A doctor at Basabelo TB Hospital in Maseru, Lesotho, examines a patient with MDR-TB Dominic Chavez/WHO
The diagnosis of drug-resistant tuberculosis is still extremely low despite as many as half a million cases and 150,000 deaths from multidrug-resistant TB (MDR-TB) in 2008 globally, according to the World Health Organization (WHO).

"In 2008, there were 29,423 MDR-TB cases reported throughout the world by 127 countries. These cases only represent about seven percent of the MDR-TB cases estimated to have emerged that year," WHO noted in a new report, Multidrug and Extensively Drug-Resistant Tuberculosis: 2010 Global Report on Surveillance and Response.

In the 27 countries with a high MDR-TB burden, only one percent of new TB cases, and three percent of previously treated TB cases, were tested for drug susceptibility.

"This points to the urgent need for improvements in laboratory facilities, access to rapid diagnosis, and treatment with more effective drugs and regimens shorter than the current two years," the report said.

Less than a quarter of the world's countries have continuous surveillance systems in place. In Africa, which experienced an estimated 69,000 cases of MDR-TB in 2008, only South Africa has continuous drug resistance surveillance in place.

"Given that African countries have the highest incidence of TB per population in the world, even at low levels of drug resistance the caseload of MDR-TB patients becomes very high," the study commented.

"As a result, the rates of MDR-TB cases arising per 100,000 population in some southern African countries are five to six times higher than those of China and India."

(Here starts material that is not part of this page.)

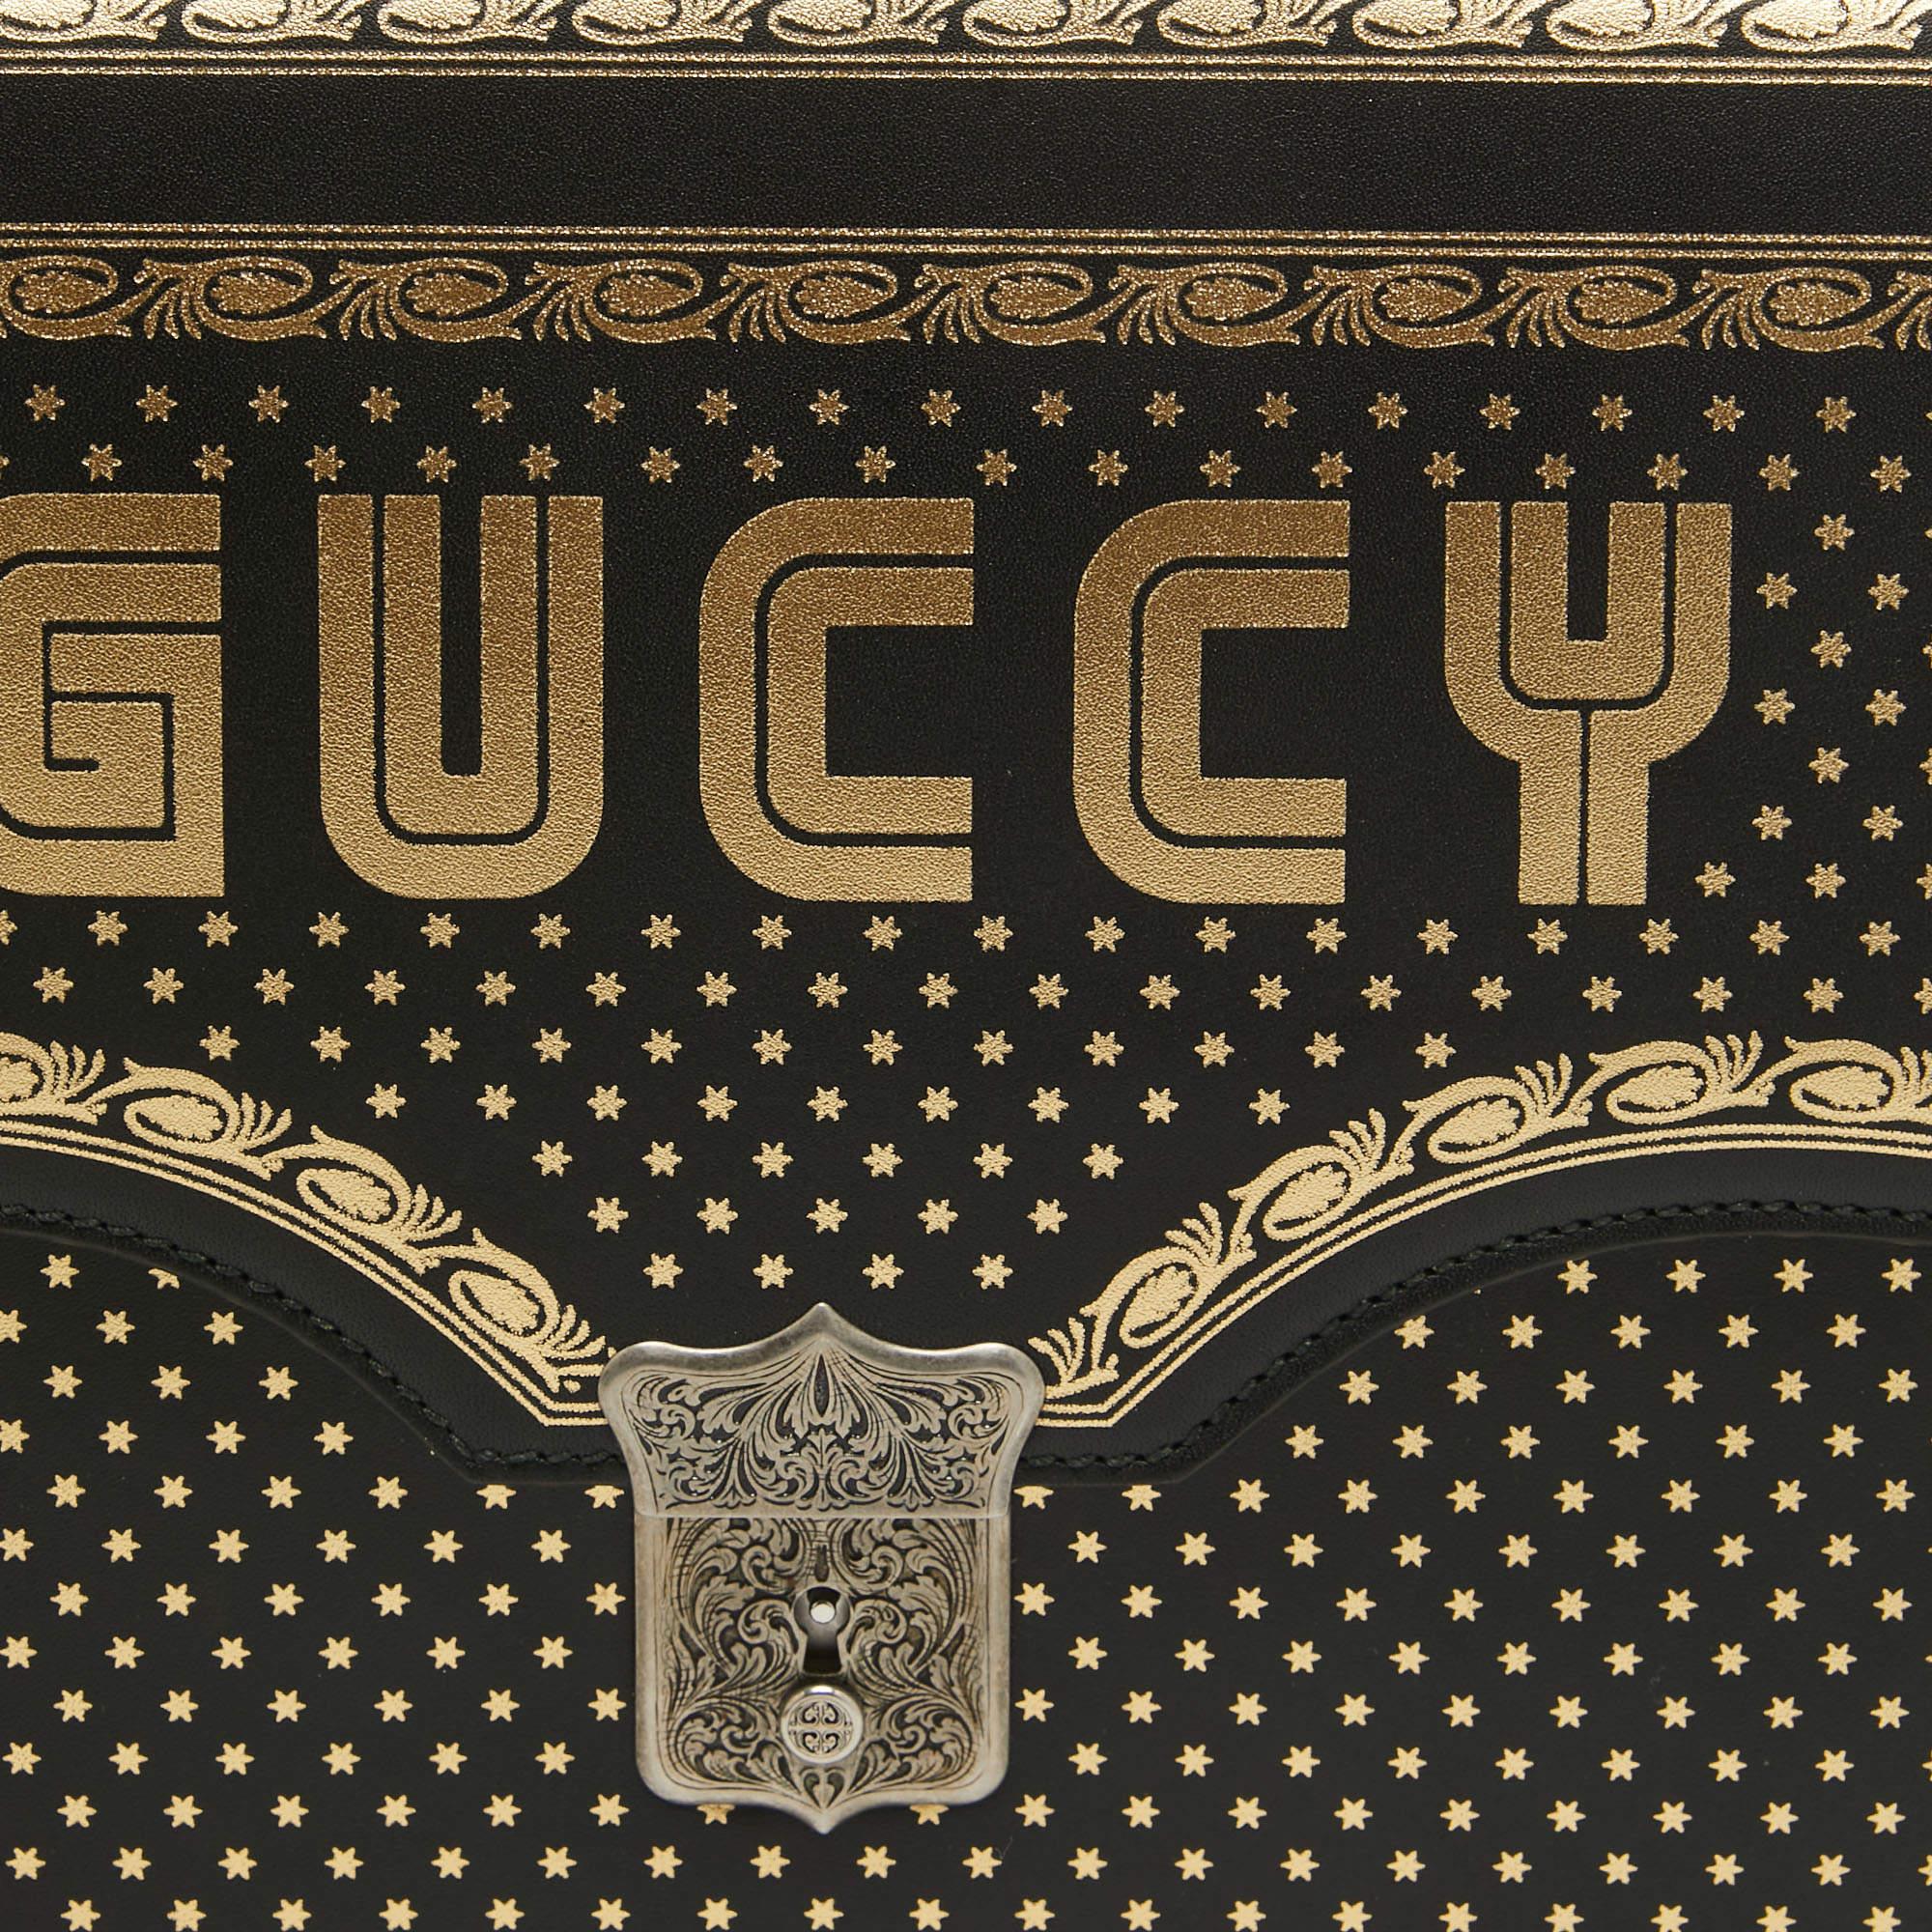 Gucci Black/Gold Leather Printed GUCCY Portfolio Clutch For Sale 4

Kenya has diagnosed 551 cases of MDR-TB, but a shortage of laboratories means the government is unable to diagnose most patients. "We have one main lab to diagnose MDR-TB and three coming up, but our capacity is still very low," Joseph Sitienei, head of the National Leprosy and TB Control Programme in the Ministry of Health, told IRIN/PlusNews.

WHO and its partners have started the EXPAND-TB Project, a multi-country initiative to scale up and accelerate access to diagnostic technologies for MDR-TB, after a pilot programme in Ethiopia found that a rapid scale-up of laboratory services for MDR-TB diagnosis was feasible, even at regional level, in resource-constrained settings.

Treatment a hurdle

Treating MDR-TB can cost between 50 and 200 times more than first-line treatment for non-resistant TB, an outlay that developing countries often cannot afford.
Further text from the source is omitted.